Dairy production goes up but from fewer producers

Since we began compiling our agricultural publication a decade and a half ago we have watched the number of dairy farmers DROP! And Lacto Data records a 57% decrease since January 2011, when there were 2 686 dairy operations, to January 2020 when there were 1 164. Interestingly, the volumes of milk produced have increased.


Dairy farming is moving to coastal provinces

Limpopo records the largest percentage drop in dairy farmers which is in line with the trend of dairy operations increasingly being found in the coastal regions. This is less about cows being aspirant Stormers, Sharks and Bush Bucks supporters than higher production being possible from the pasture-based operations here. The Western Cape, KwaZulu-Natal and the Eastern Cape have the highest number of dairy farmers.


Dairy processor numbers are also dropping

The South African secondary dairy industry is made up of (i) large  processors who operate nationally,  (ii) smaller processors  who  operate  in  specific  areas,  and (iii) producer distributors (PDs), milk producers who sell their own produce to retailers and consumers. The numbers here have also been dropping. The first two categories decreased by 30% from January 2009 to March 2020, and PD numbers dropped by 60% over the same period.


Gauteng is the top milk processing province

The smallest province in South Africa has the highest numbers of milk processors and PDs, 39 and 15 respectively (the Western Cape has 33 and 12). This is obviously a case of being closer to your market, Gauteng having the highest population figures.

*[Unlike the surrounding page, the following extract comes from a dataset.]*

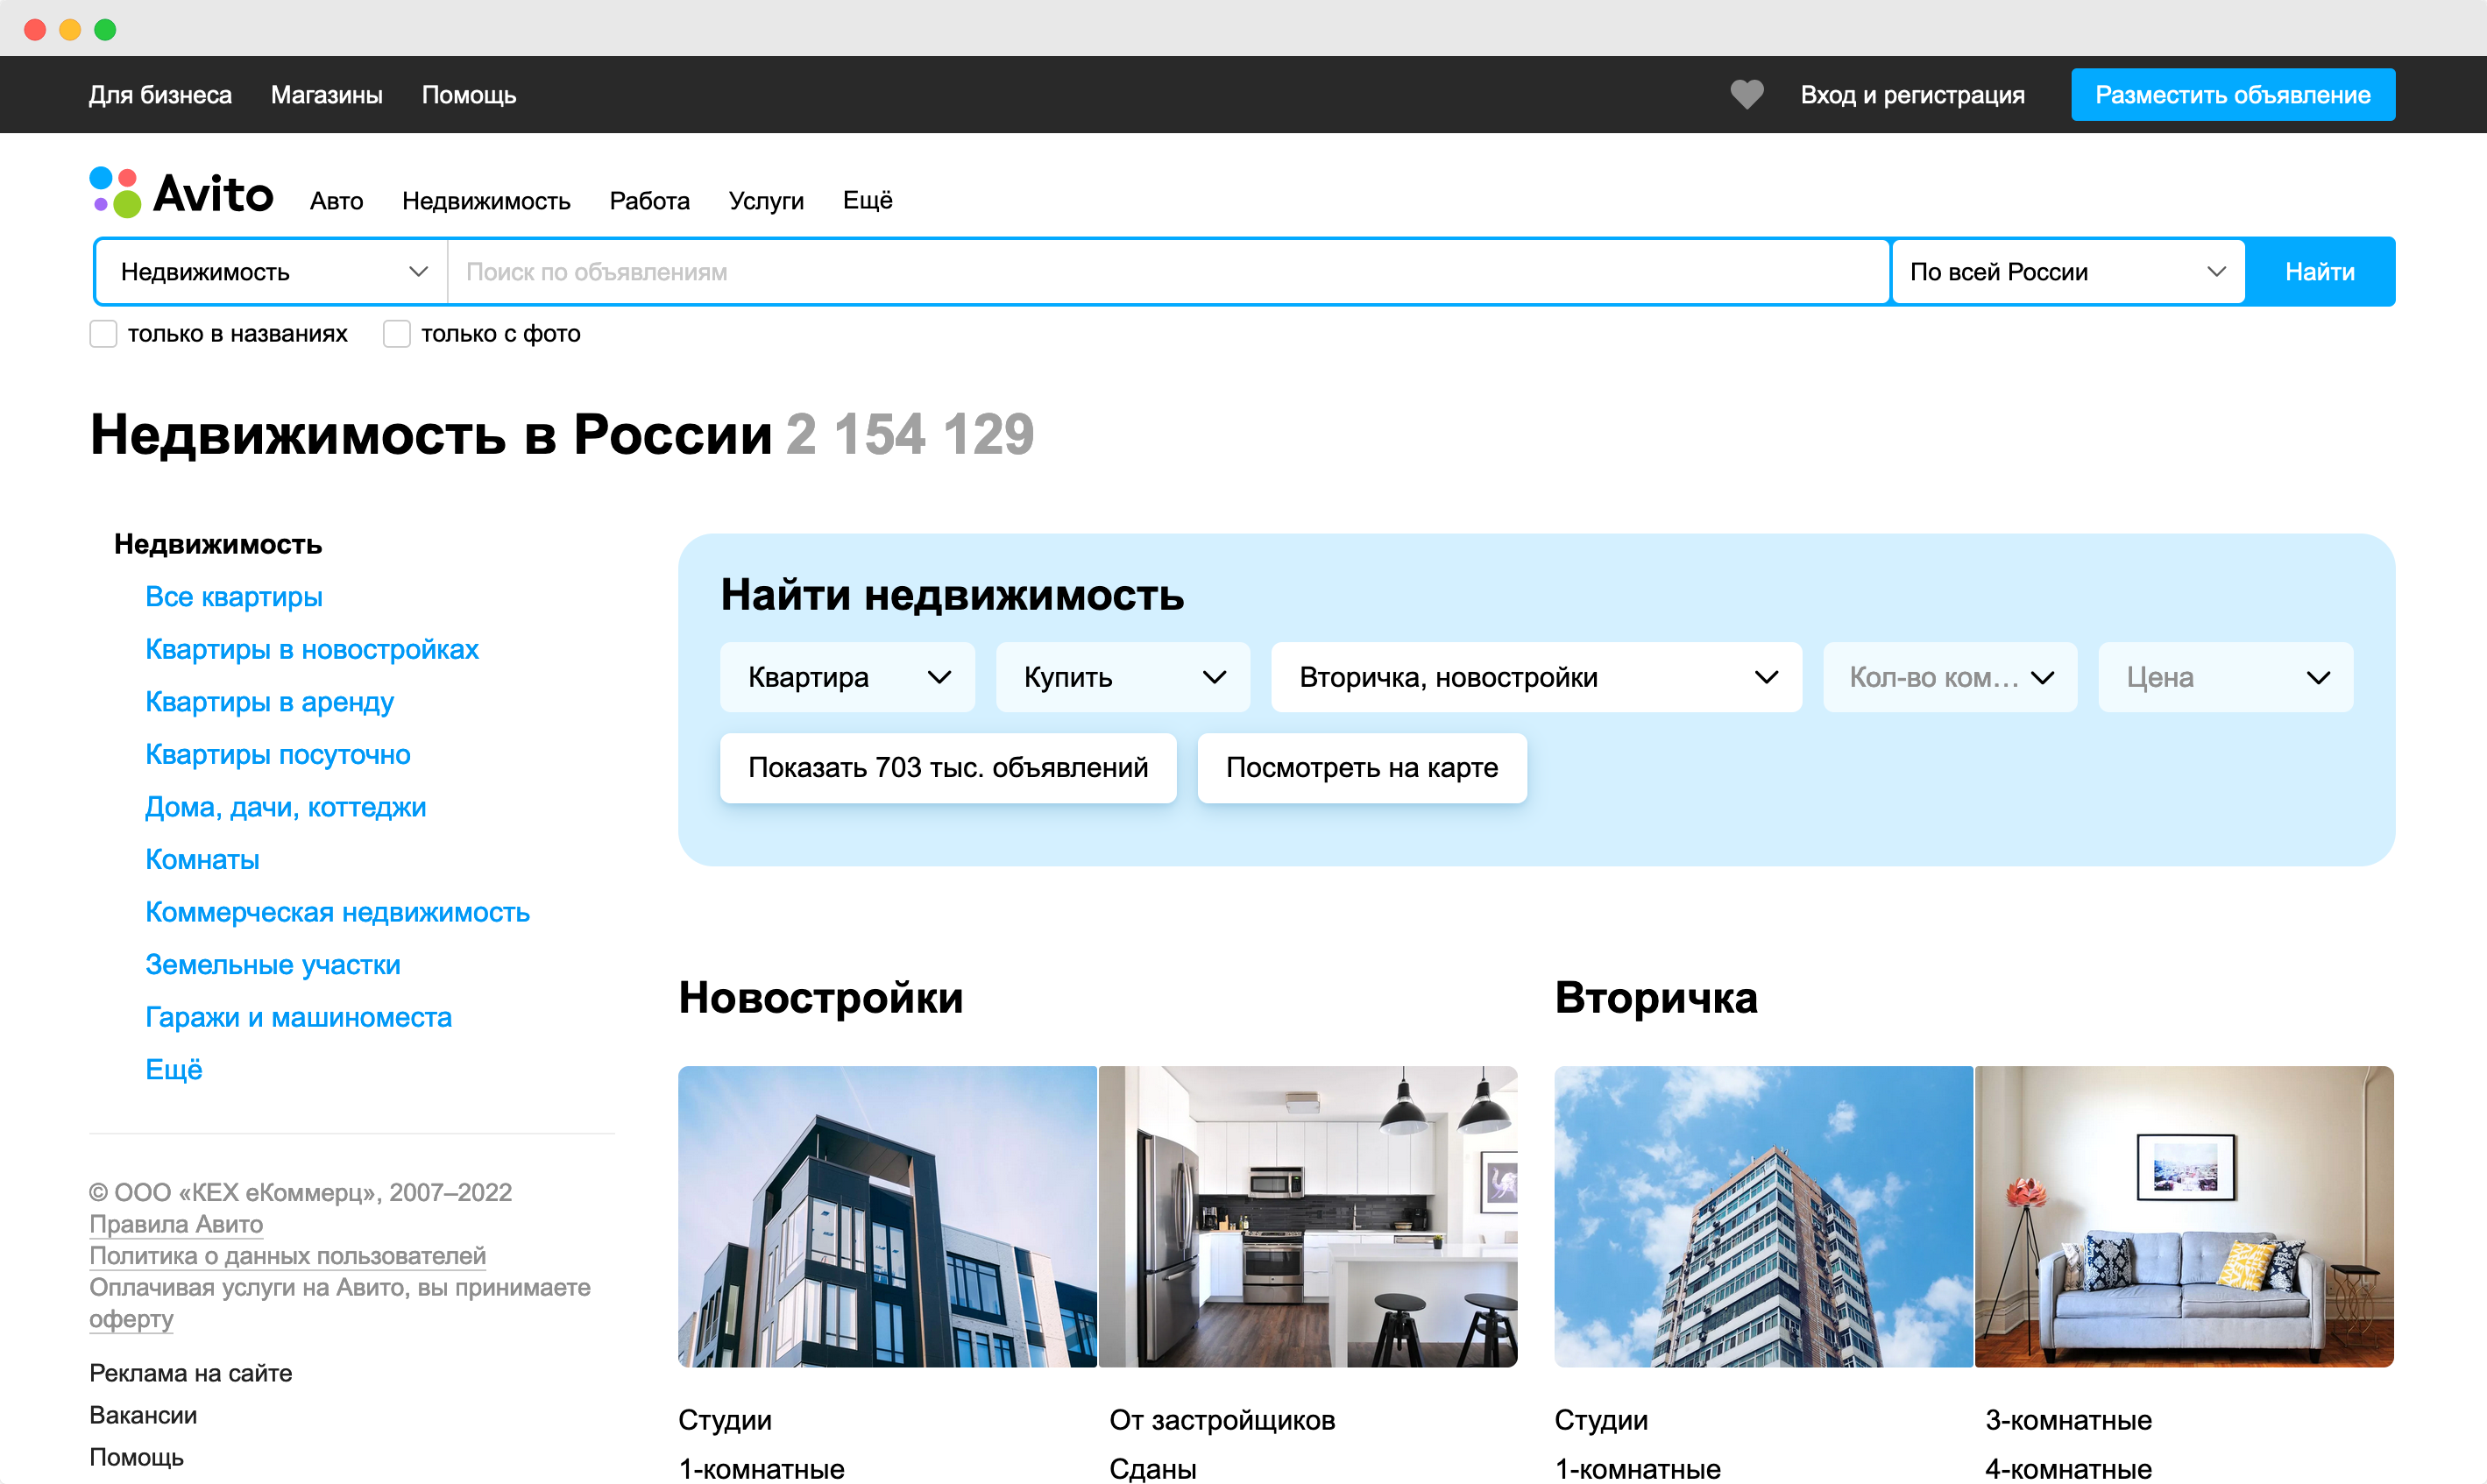 Авита ру недвижимость. Поиск отелей. Поиск отелей по всему миру. Поиск отелей в России. Сайты для поиска отелей в России.

SA imports more dairy products than it exports

South  Africa  imported  75  600  tonnes  and  exported  45 100 tonnes of dairy products in 2019. Imports were mostly whey (29%), milk powder (24%) and milk and cream (24%). Exports were mostly milk and cream (45%), and butter and yoghurt (24%). The top exporters are the EU, New Zealand and Australia.


Internationally, growth in the dairy industry is not led by the traditional countries

Lacto Data notes that for the second year in a row, it has been Asia and other emerging dairy regions that cause an increase of global milk production. Milk production in the EU, Oceania and the US was “unimpressive”.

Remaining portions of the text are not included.